DATASET SECTION —
★ ★ ★ ★ ★ ★ ★

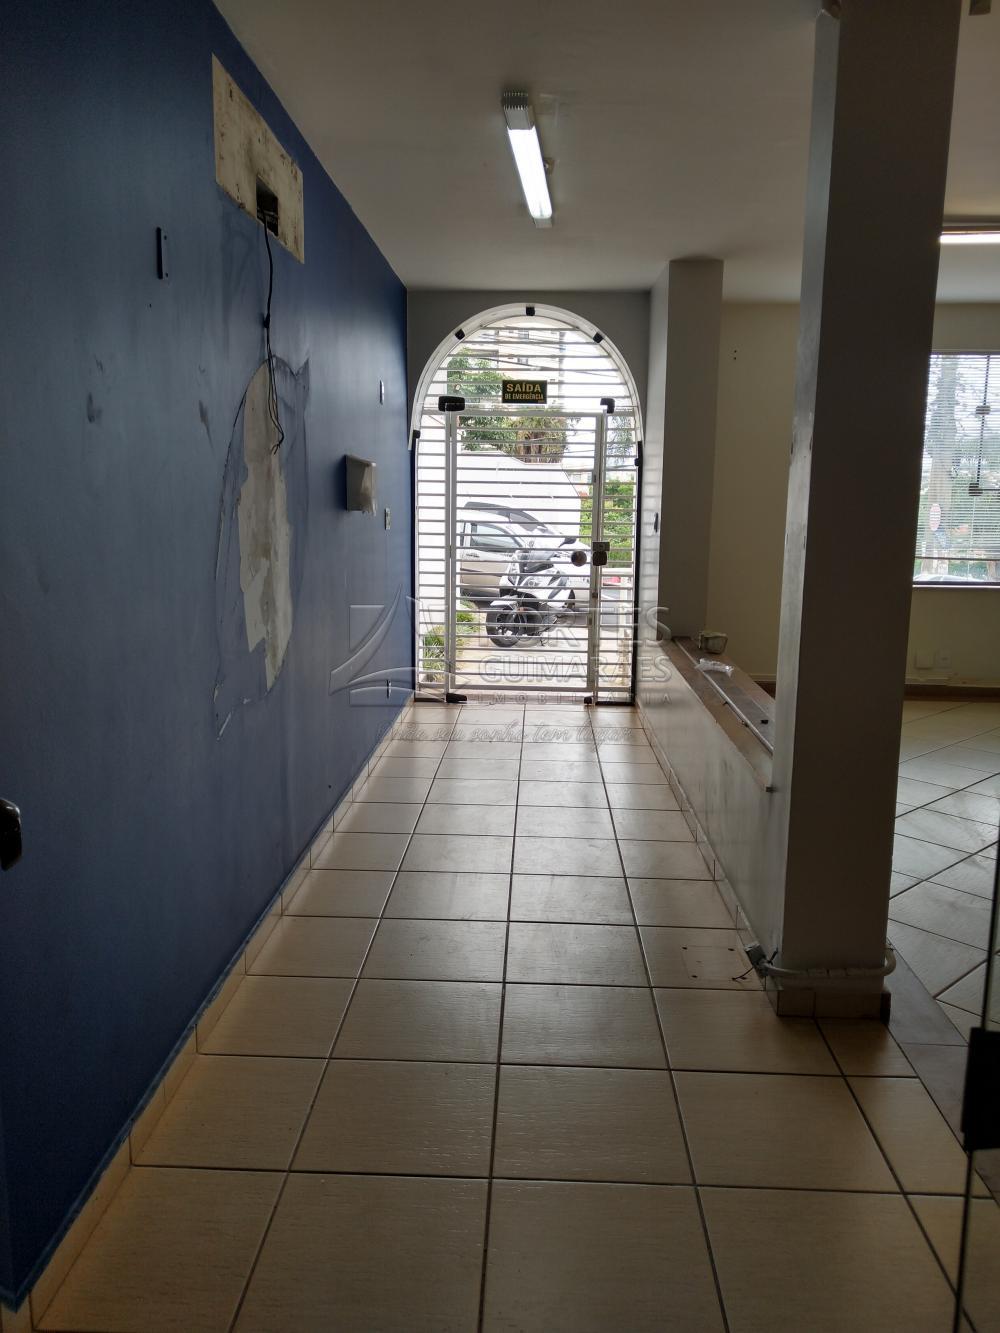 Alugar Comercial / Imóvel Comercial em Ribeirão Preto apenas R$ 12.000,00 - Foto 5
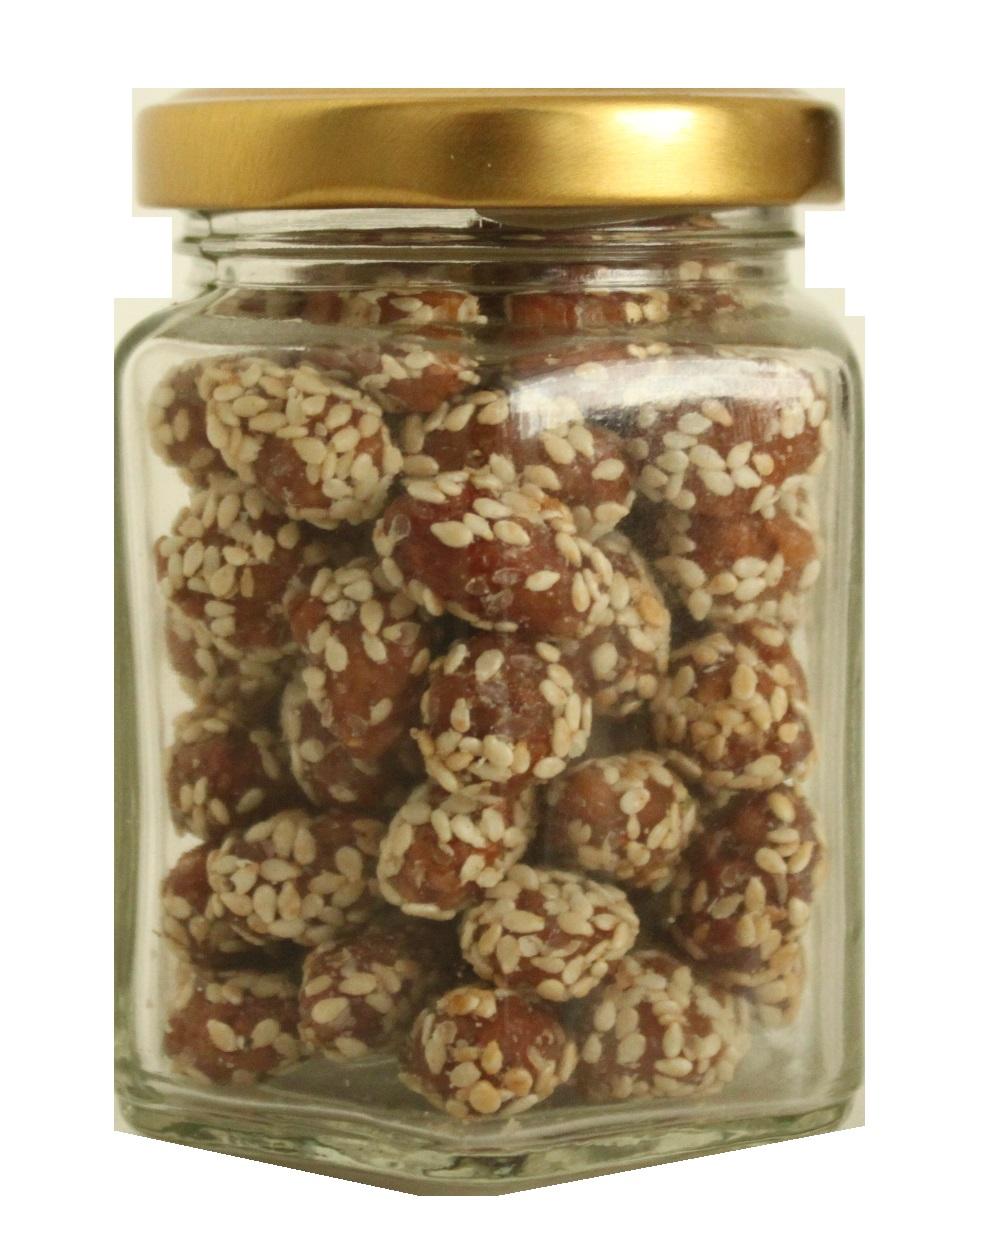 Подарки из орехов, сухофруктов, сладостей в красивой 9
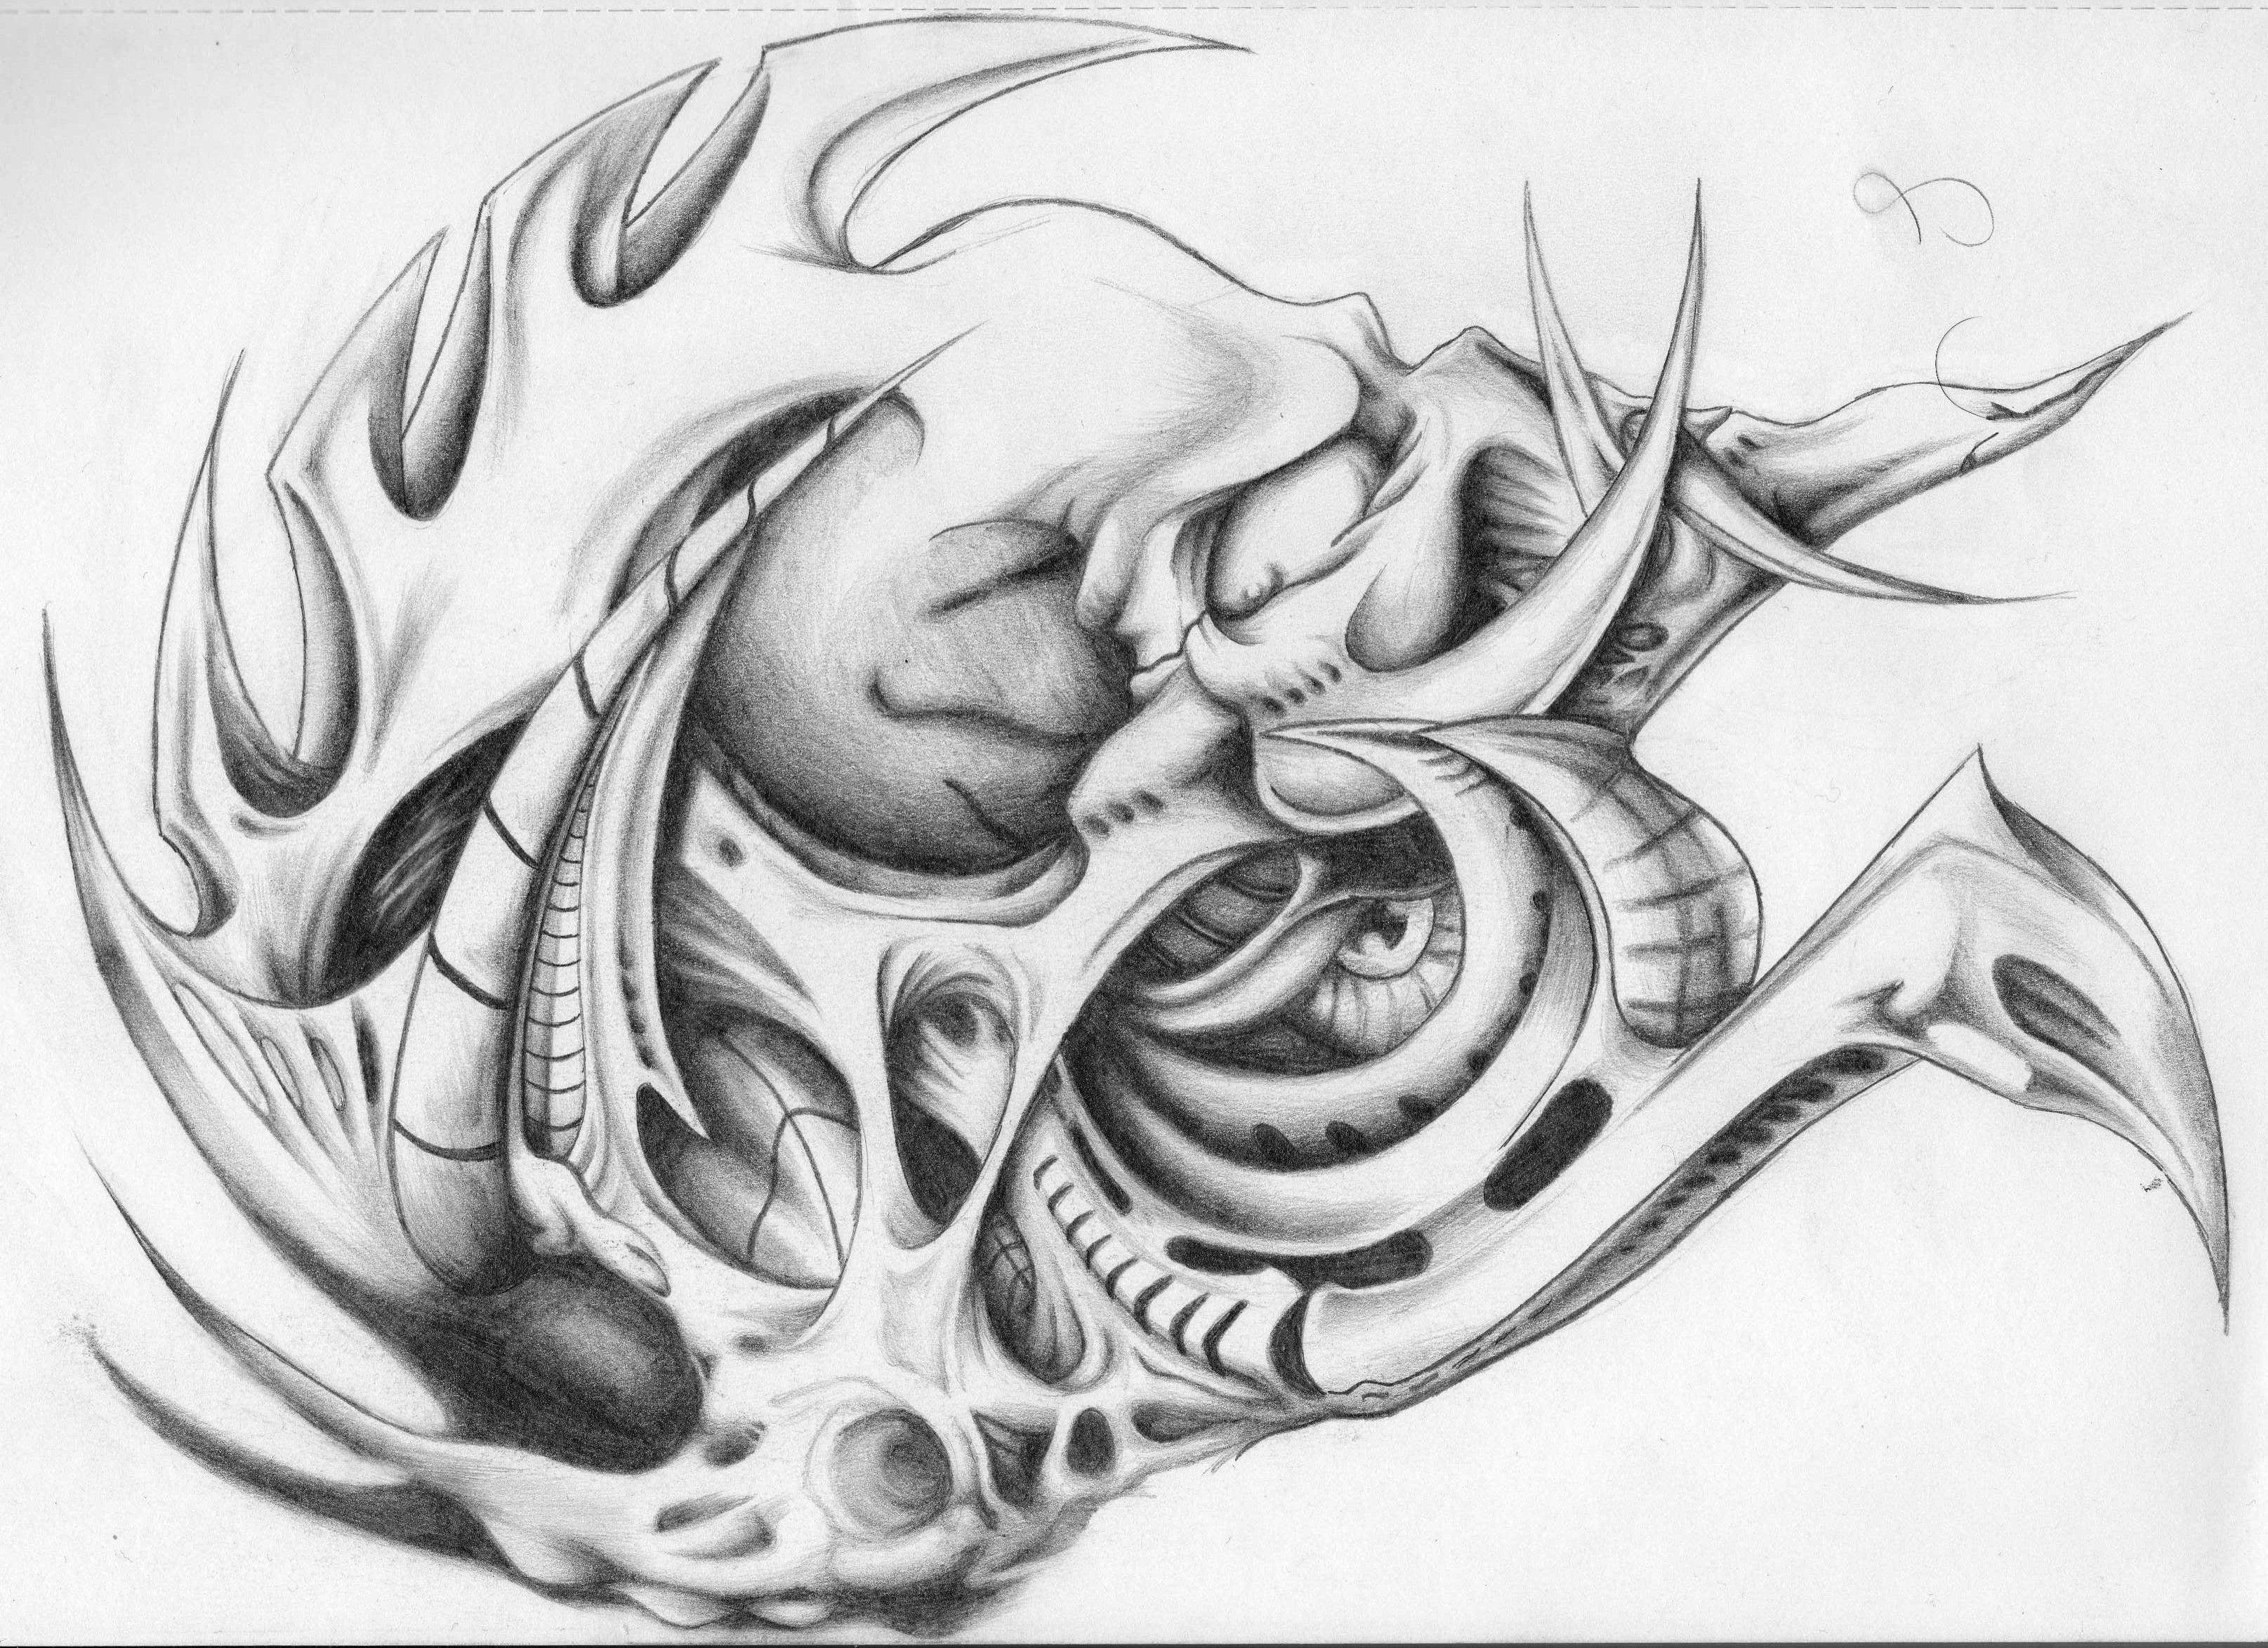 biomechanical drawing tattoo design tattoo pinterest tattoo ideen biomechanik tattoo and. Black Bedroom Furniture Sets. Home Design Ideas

★ ★ ★ ★ ★ ★ ★

WHAT TO DO — Start to finish, write out the data above exactly, omitting all pictures.

WRITTEN ANSWER —
 Alugar Comercial / Imóvel Comercial em Ribeirão Preto apenas R$ 12.000,00 - Foto 5
 Подарки из орехов, сухофруктов, сладостей в красивой 9
 biomechanical drawing tattoo design tattoo pinterest tattoo ideen biomechanik tattoo and. Black Bedroom Furniture Sets. Home Design Ideas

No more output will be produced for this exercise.